# Which polish angel product to try



## garage_dweller

I usually use Adams products on the focus and H2O guard n gloss does a lovely job. It’s nearly finished so fancy trying something else. 

Looking at polished angel rapidwaxx or high gloss. 

Thoughts?


Sent from my iPhone using Tapatalk


----------



## budgetplan1

You a coating, wax or sealant user?

Coating = Cosmic Spritz or High Gloss.
Wax or Sealant = Rapidwaxx or one of the Caranauba Arts sprays.


----------



## atbalfour

Agree with BudgetPlan1...

You can't really go wrong with any of their LSPs, they will all look great and bead like crazy. Which one you go for will depend on your base protection and what durability you are hoping to achieve.


----------



## garage_dweller

Wax or sealant ideally. I’m not that fussed about durability so looking at a something I could use as a drying aid. 

So highly gloss or rapidwaxx I think?

What’s the difference between the two?


Sent from my iPhone using Tapatalk


----------



## atbalfour

garage_dweller said:


> Wax or sealant ideally. I'm not that fussed about durability so looking at a something I could use as a drying aid.
> 
> So highly gloss or rapidwaxx I think?
> 
> What's the difference between the two?
> 
> Sent from my iPhone using Tapatalk


What is your base layer of protection or are you looking for this to go on bare paint?

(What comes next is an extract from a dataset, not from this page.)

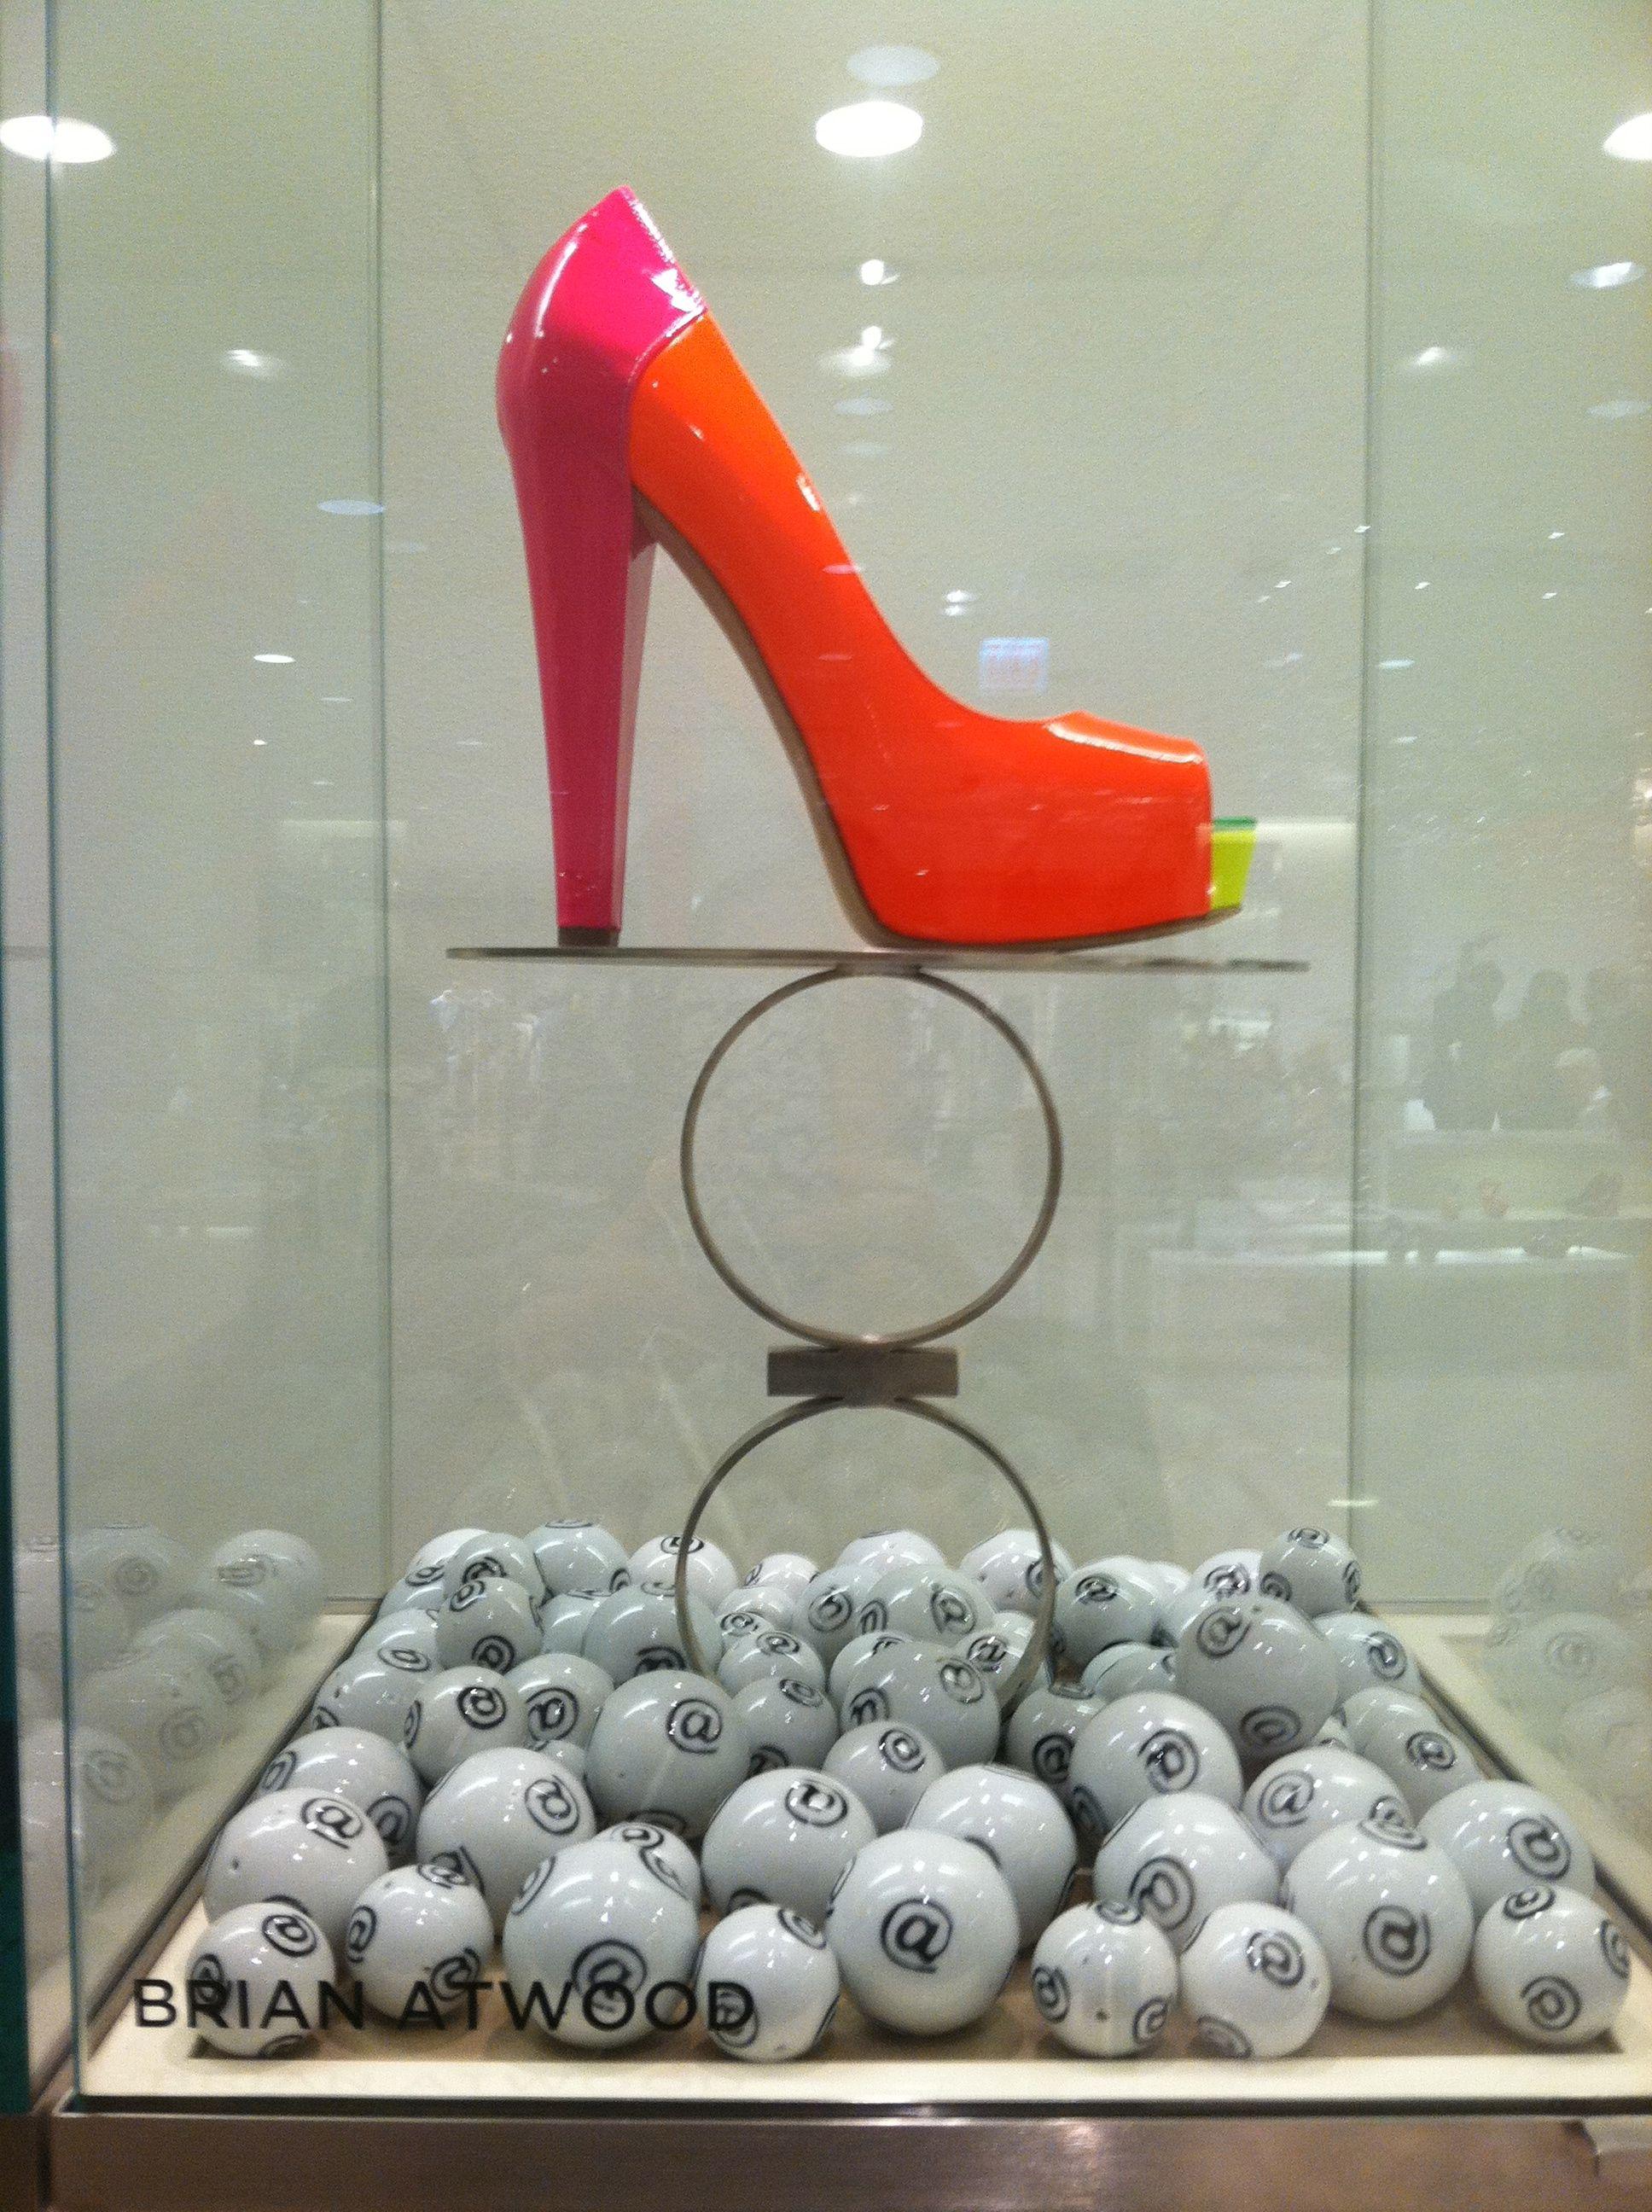 #brianatwood NEON shoes! @Saks Fifth Avenue #Imaluxurylady

If you are topping an existing wax or sealant consider either RapidWaxx or Carnuaba Arts colour charged spray waxes.

If you are topping a coating, Cosmic Spritz or High Gloss.

If you are applying to bare paint, Master Sealant and consider RapidWaxx to top this periodically.

All of the above but Master Sealant would be effective as a drying aid, Cosmic and High Gloss are more pricey so using on a regular basis may end up costing more.


----------



## garage_dweller

I had angelwax guardian on but used Adams strip wash then used Adams h20 guard and gloss. So have the option to use strip wash again and do a full decon or just put something on top of the guard n gloss 

I think rapidwaxx is probably the answer. 


Sent from my iPhone using Tapatalk


----------



## atbalfour

garage_dweller said:


> I had angelwax guardian on but used Adams strip wash then used Adams h20 guard and gloss. So have the option to use strip wash again and do a full decon or just put something on top of the guard n gloss
> 
> I think rapidwaxx is probably the answer.
> 
> Sent from my iPhone using Tapatalk


Have a look here for more info about it... the WaxMode channel is one of my favourites.


----------



## pt1

garage_dweller said:


> I had angelwax guardian on but used Adams strip wash then used Adams h20 guard and gloss. So have the option to use strip wash again and do a full decon or just put something on top of the guard n gloss
> 
> I think rapidwaxx is probably the answer.
> 
> Sent from my iPhone using Tapatalk


Rapidwaxx is really good, definitely worth go. It looks amazing on darker cars

Sent from my CLT-L09 using Tapatalk


----------



## James_R

I use Rapidwaxx on the Porsche, on top of Master Sealant.

Its beads ridiculously, goes on SO easily and spreads and buffs with no effort.
Leaves a fantastic glossy finish.

I also love the Carnauba Arts sealant sprays - the Black Wulfenite on a dark car is well worth trying, but a bit expensive.
You can make it last though, you don't need much per panel.

But yes, Rapidwaaxx sounds like the answer.
I've always got a bottle on the shelf.


----------



## atbalfour

How often are you using the rapidwaxx over Master Sealant?


----------



## James_R

atbalfour said:


> How often are you using the rapidwaxx over Master Sealant?


The car only comes out in half decent weather so it doesn't very often get ditched, or need to be washed.

Usually tend to give it a 'treat' with Rapidwaxx every other wash maybe.

I was using it for a year or so, then moved onto my hybrid mix of 50:50 BSD/Megs Ultimate Quik Detailer which also leaves a great finish and beads nicely.

Just not as slick as Rapidwaxx which is why I've gone back to it.


----------



## beatty599

I recently tried High Gloss and put it onto of my Ceramic Coated cars ( CSL + Exo V4 then the other Carbon Collective Nero and Molecule), have to say I'm extremely pleased with High Gloss and will be trying more of their products in the future.


----------



## Gas head

as Budget plan says, one of the carnauba arts waxes


----------